Elizabeth Brinsmade's Appeal

18 N.W. 346, 52 Mich. 537, 1884 Mich. LEXIS 807
CourtMichigan Supreme Court
DecidedFebruary 6, 1884
StatusPublished
Cited by6 cases

This text of 18 N.W. 346 (Elizabeth Brinsmade's Appeal) is published on Counsel Stack Legal Research, covering Michigan Supreme Court primary law. Counsel Stack provides free access to over 12 million legal documents including statutes, case law, regulations, and constitutions.

Bluebook
Elizabeth Brinsmade's Appeal, 18 N.W. 346, 52 Mich. 537, 1884 Mich. LEXIS 807 (Mich. 1884).

Opinion

Campbell, J.

The probate court of Ottawa- county, upon application of Orleans L. Jordan and Hampden Kelsey, admitted to probate, on proof of foreign probate, the will of Thomas C. Brinsmade, deceased. Mrs. Brinsmade, his widow, was afterwards on a showing allowed to appeal from this order, which she claimed to have been made without sufficient cause and improperly. The appointment and probate were set aside by the circuit court, and Kelsey brought the case into this Court by writ of error.

There was no issue in the circuit court involving the validity of the will or of the New York probate, and the only questions .were, the propriety of the intervention of petitioners below, and of the appointment of Kelsey as administrator. It is now objected by appellee that the wrong remedy has been sought here, and this objection we regard as well taken.

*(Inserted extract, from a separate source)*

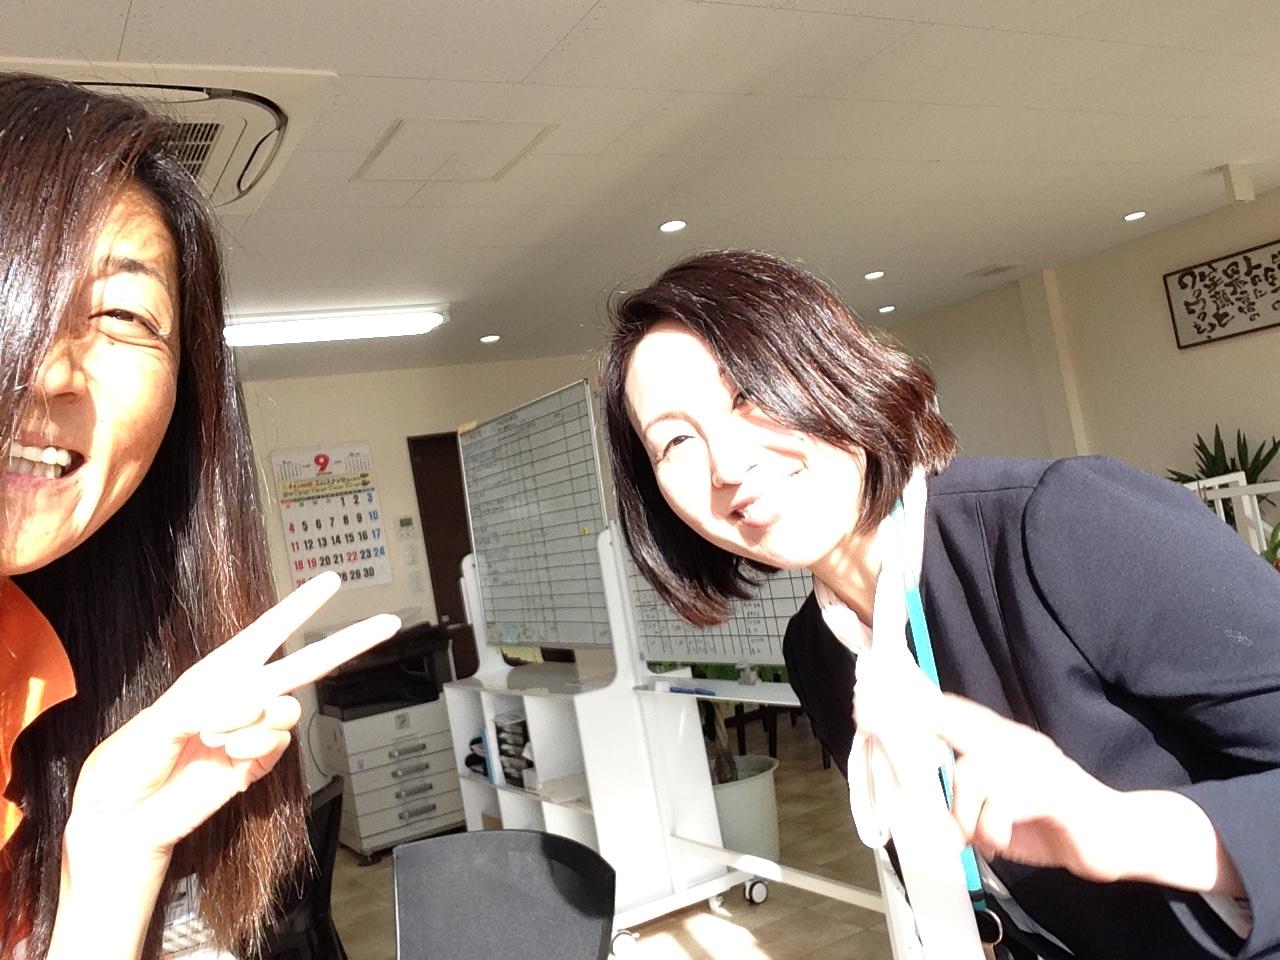 9月30日(金) 9月最終日!金曜日のオールスターブログ(*´ω`*)_b0127002_18234025.jpg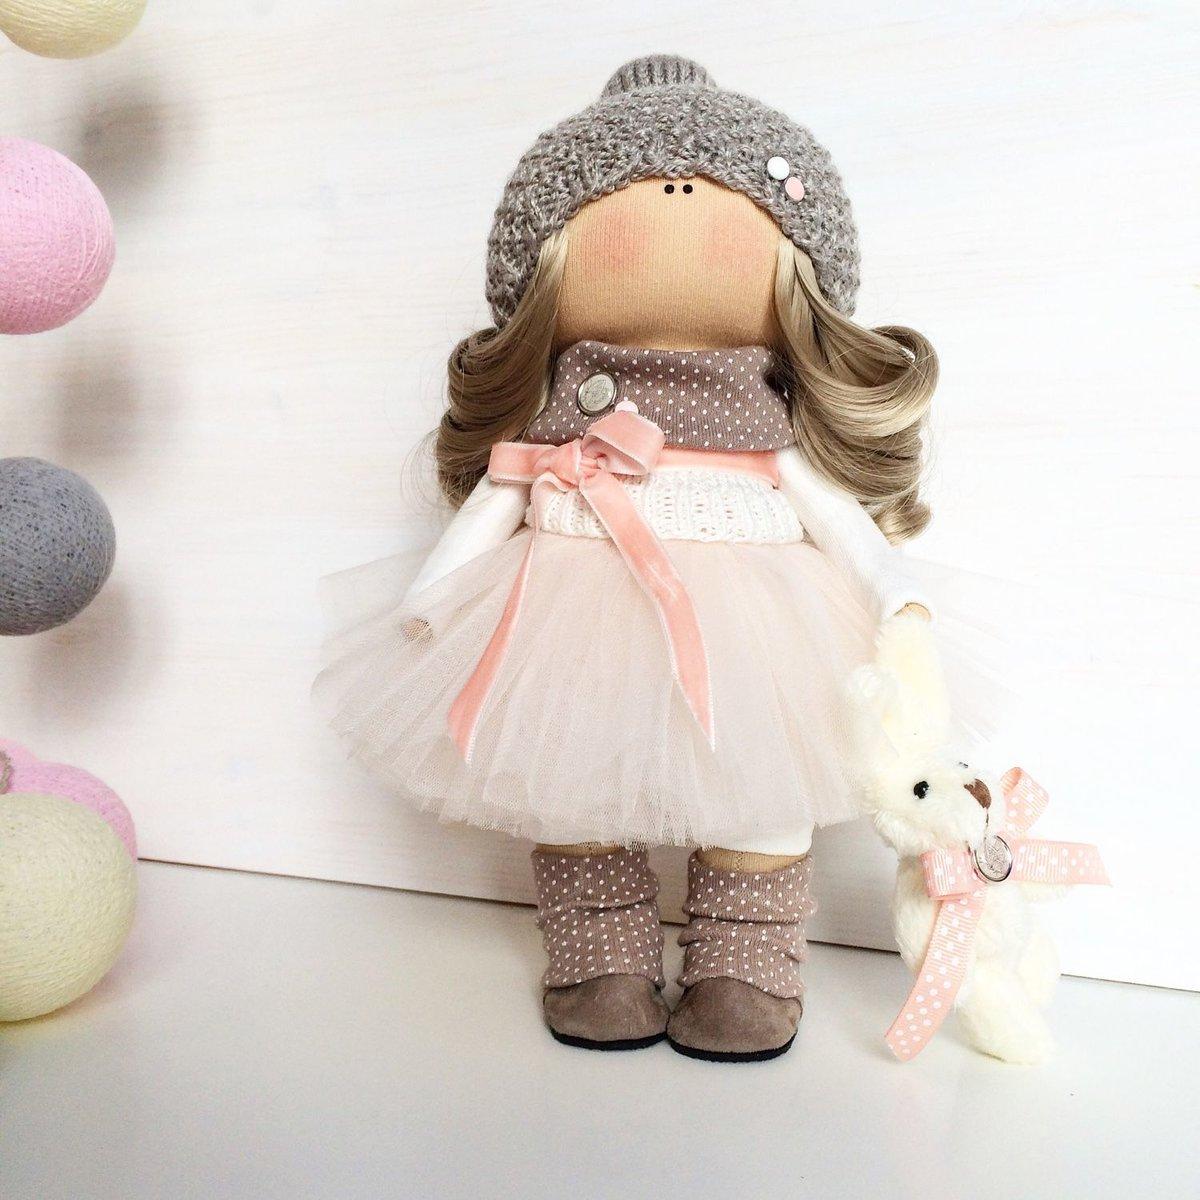 Как сделать выкройку и сшить куклу большеножку с цельнокроеной головой своими руками? мастер-класс

[538]*538It has been decided in this Court several times that a. writ of error is only allowable to bring up such controversies and questions as are according to the course of the common-law. Probate appeals sometimes involve such questions, where there is a contest over the will itself or over contested claims. In other cases they include equitable matters, as in case of accounting, and matters involving more or less discretion. Where no such issue is involved as could ever be a common-law question, the relief must be had by some other process, if it can be had at all. In Besancon v. Brownson 39 Mich. 388, a case like the present came up on certiorari. In Holbrook v. Cook 5 Mich. 225; Conrad v. Button 28 Mich. 365; Cameron v. Bentley 28 Mich. 520; Fletcher v. Clark 39 Mich. 374 and Gott v. Culp 45 Mich. 265 the varying character of probate appeals was considerably discussed and in some of them the proper mode of review was referred to. There was no question presented on which the intervention of a jury could have been a matter of right, and no common-law issue whatever.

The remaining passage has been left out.